Этот социальный пантеизм, близкий к воззрениям Толстого, Бердяев не приемлет.
Античное учение о бессмертии он критикует за то, что оно сулит бессмертие лишь части человека, его душе, но не всему человеку. Мистическое учение о соединении с Богом — хотя в некоторых отношениях оно Бердяеву очень близко — он порицает за отсутствие убеждения в бессмертии личности: личность исчезает в Боге, такова суть этой мистики.
Стремясь вскрыть внутренние связи между христианством и другими, прежде всего дохристианскими, религиями, Бердяев отмечает, что религия Заратустры и иудаизм II века, в отличие от верований античности, не только предполагали бессмертие души, но и воскресение плоти. Здесь он усматривает пророчества о будущем христианстве, которое в ходе своей истории сформировало веру в бессмертие. Учение церкви о жизни после смерти Бердяев, разумеется, не принимает безоговорочно, он придает ему очень характерные личные черты. Бердяев, как и Н. Ф. Федоров, почитаемый им русский философ, убежден, что человек, коль скоро он личность, должен бороться за свое бессмертие. Вот одно из характерных высказываний «Экзистенциальной диалектики»: «Бессмертие есть не человеческое и не божественное только дело, а дело богочеловеческое, дело свободы, и дело благодати, дело, совершающееся снизу и сверху». (Свобода — причина низкая, так как она не создана Богом, а обретена Им в бездне.) «Неточно думать, что человек есть по природе натурально бессмертное существо, и также неточно думать, что человек лишь сверху, от божественной силы получает свое бессмертие». Участие человека в его вступлении в бессмертие предполагает правильное сознание, то есть необъективированное, экзистенциально целостное, нерасколотое, не состоящее из элементов, а значит, и не распадающееся на элементы. Бердяев подчеркивает, что в этом сознании важнее всего память и воспоминания. В земной жизни человек страдает, так как забывает даже то, что ему было дорого и мило, но еще он страдает, так как не может забыть дурное, которое его мучает снова и снова. Эти две формы страдания не войдут в бессмертие, ибо «бессмертие есть просветленная память». Умерший на земле и бессмертный в потустороннем мире, несомненно, сохраняет свои воспоминания; это для Бердяева очевидно потому, что сущность личности состоит в ее любви к Богу и к ближним, которых она любит в Боге, с которыми и после смерти не может расстаться, не утратив при этом своей личности. Разумеется, Бердяев понимает бессмертие как бессмертие целого человека, как господство духа над душою и телом. Христианство, снова и снова подчеркивает он, возражает против учения спиритуалистов о бессмертии души. Оно верует в воскрешение всего человека, в воскрешение и его тела. Природного бессмертия нет. «Воскресить умерших может лишь Христос, для дела воскрешения нужна прежде всего искупляющая благодать Христова».
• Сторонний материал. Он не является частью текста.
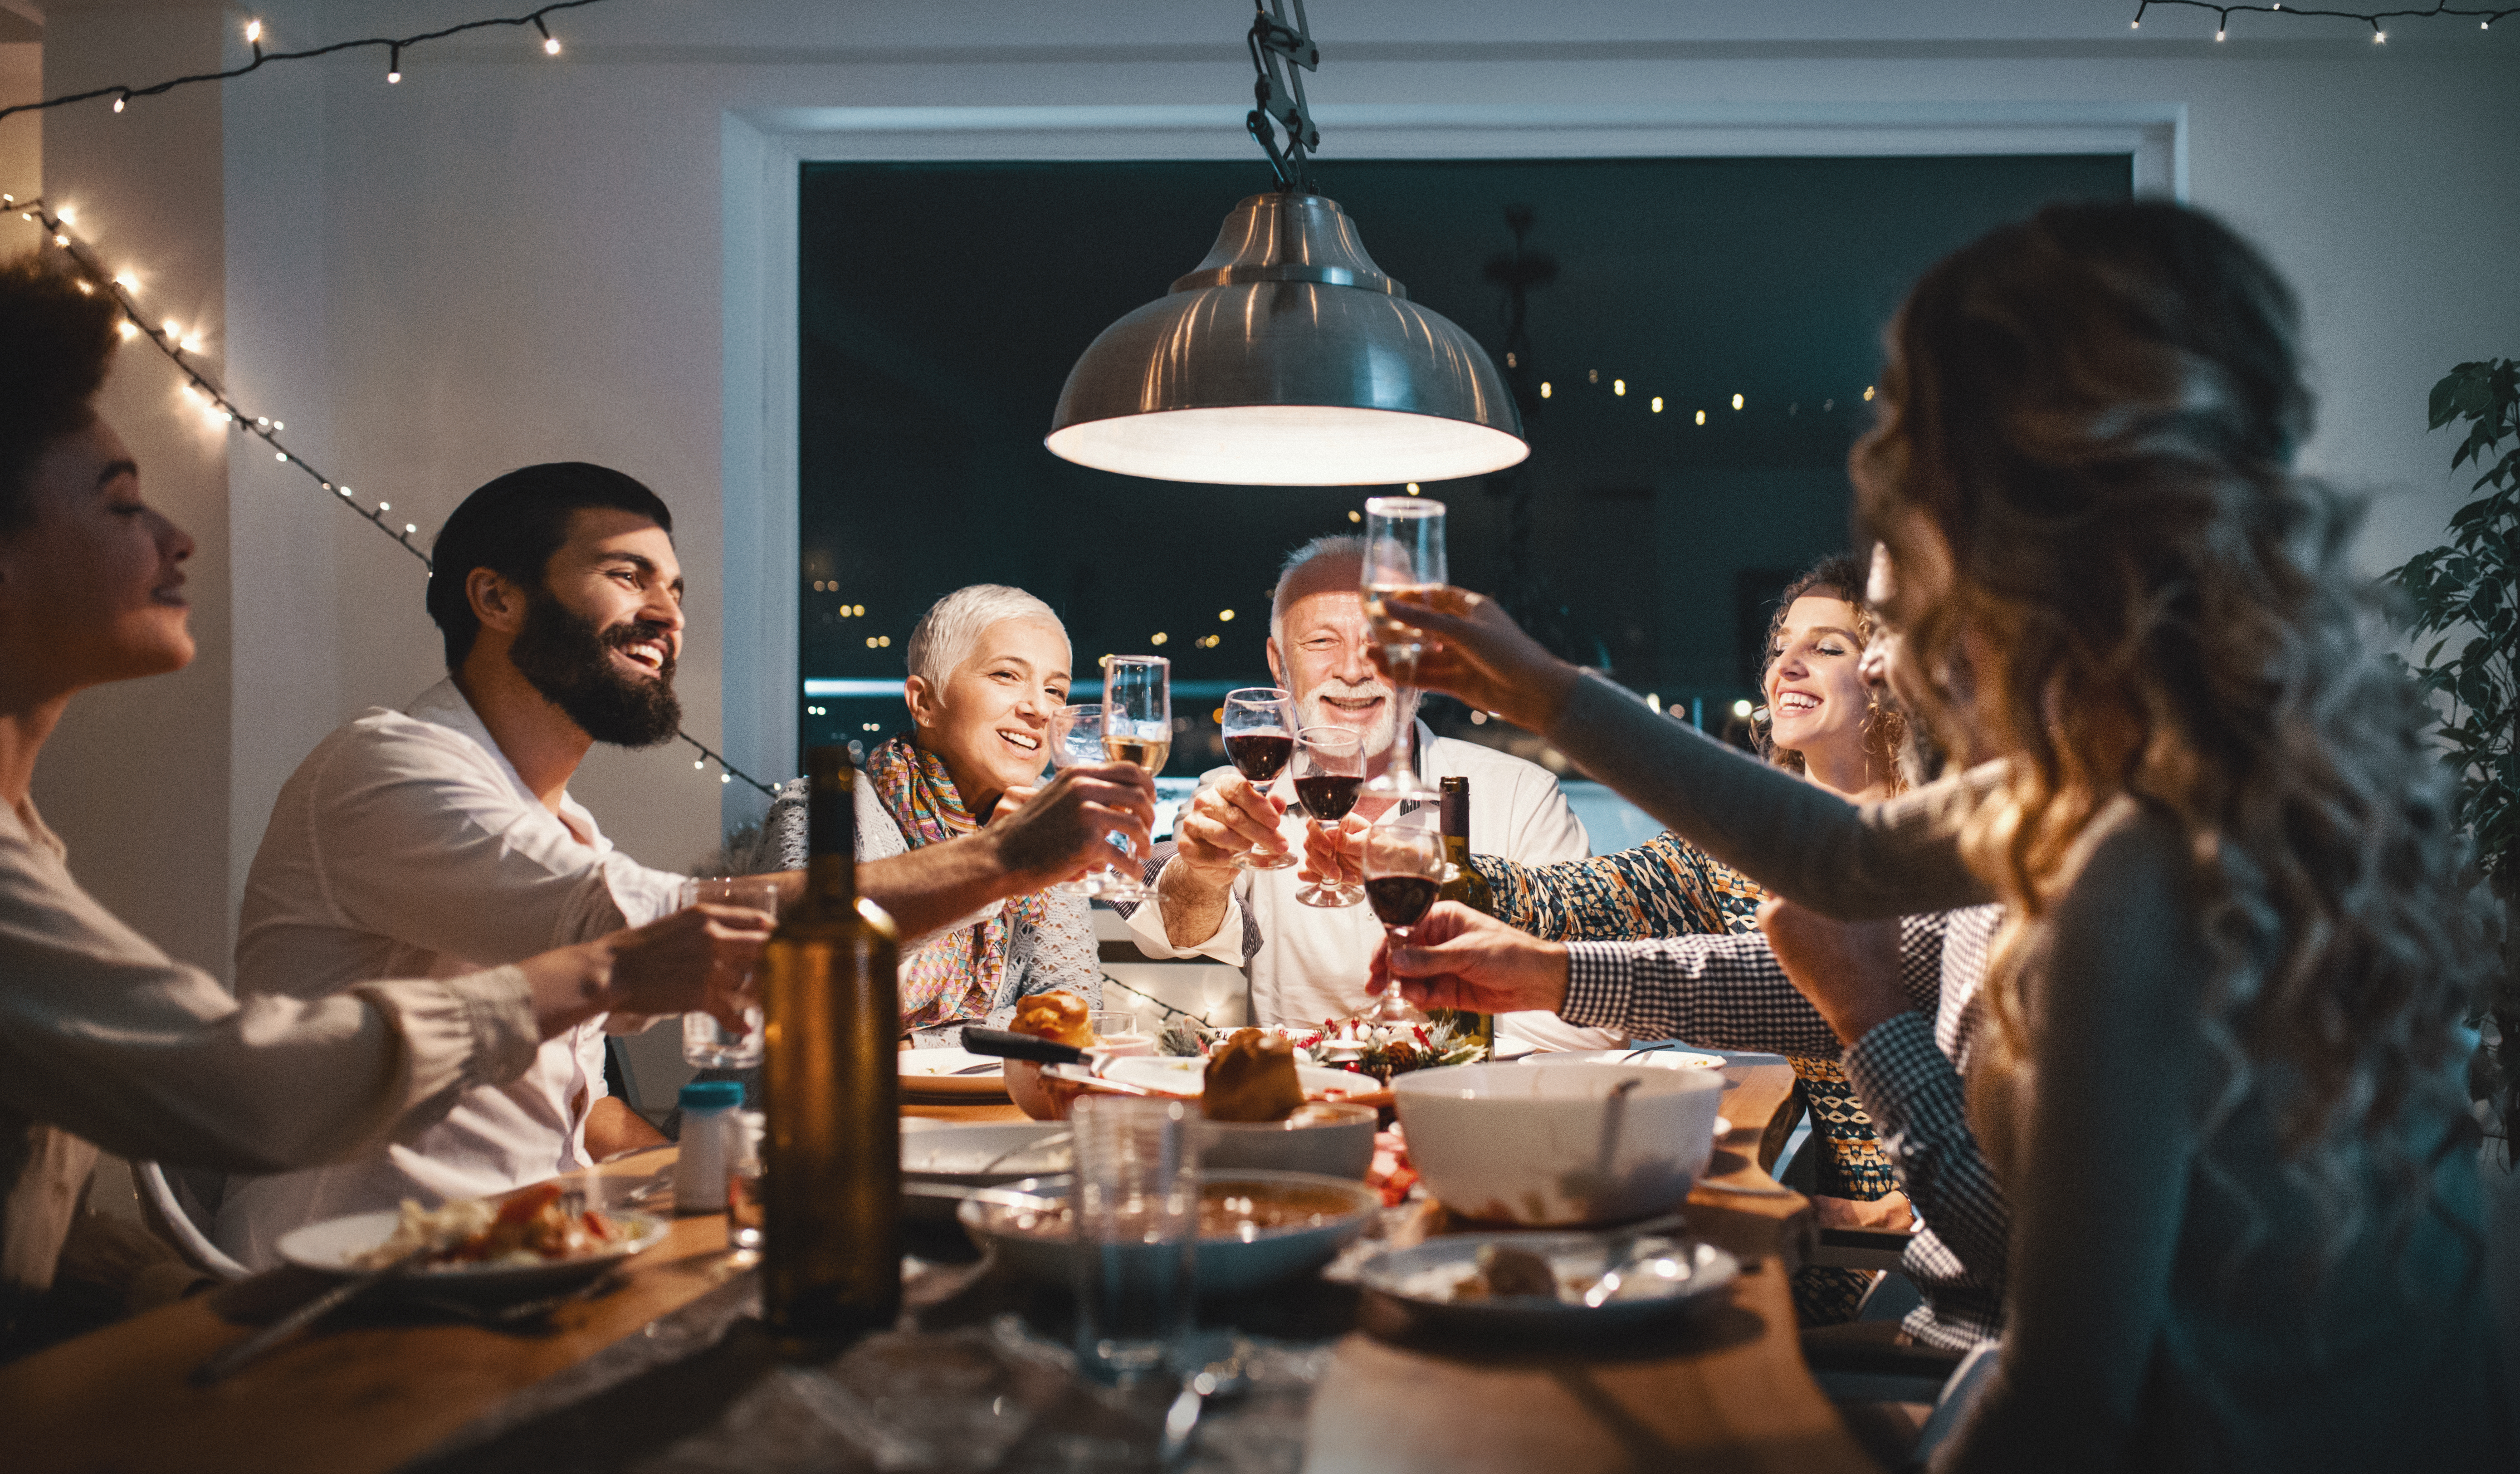 Familia cenando en Nochebuena | Fuente: Getty Images

Читая эти философские медитации, трудно удержаться от вопроса: не впадает ли сам Бердяев в то заблуждение, которое ставит в упрек египтянам? Считая бессмертие зависимым от религиозно-этического долга, не исключает ли он тем самым возможности признать бессмертными всех людей? Настоящее разъяснение этого вопроса найти в книгах Бердяева нелегко. Но ответ есть, и он вполне ясен. Приведенный выше отрывок — где Бердяев признает бессмертие человека только в Христе, следовательно, допускает, что бессмертие не может быть даровано убежденным атеистам или тем, кто не признает Христа, — завершается такими словами: «Хотя бессмертие человека я связываю с верой в Христа, я никоим образом не придерживаюсь того мнения, что воскрешения удостоятся лишь те, кто сознательно верили в Христа. Проблема глубже: Христос существует и для тех, кто в Него не верует».
Крайне важное значение для бердяевского учения о бессмертии имеют его многократные возражения против представления, что бессмертие — жизненное пространство человека, которое Бог дарует ему после смерти. Это представление совершенно неверно, считает Бердяев, у будущего нет ничего общего с вечностью: будущее пребывает во времени, вечность же — вне времени. В будущем никогда не царит вечность, а только «дурная бесконечность». За всеми берДяев- скими представлениями о смерти и бессмертии ясно слышно слово ангела из Откровения Иоанна: «Времени не будет». Жизнь в вечности — это, по Бердяеву, жизнь во вневременном духе, который в любой миг может излиться в посюсторонний мир и все в нем изменить.
Несколько проясняет представления Бердяева о бессмертии его предположение, что человек, если бы он достиг полной одухотворенности и благодаря одухотворенности обрел независимую власть над природой, душой и телом, то вовсе не заметил бы физического события своей смерти, находясь на пути к вечности. Это преодоление смерти посредством отрыва ее от объективированного мира и отнесения к экзистенциальным глубинам духа — который тем самым становится открытой в бессмертие дверью — отнюдь не избавляет христианина от страха смерти. Вера в бессмертие — не утешение и не привилегия верующих. Мало того, Бердяев считает вполне ясным, что истинные христиане в минуту слабости могут завидовать атеистам, для которых нет никакой жизни после смерти. Для атеиста все кончается со смертью тела, и настает великий покой небытия. Христианин же боится Страшного Суда, ада, вечных мук.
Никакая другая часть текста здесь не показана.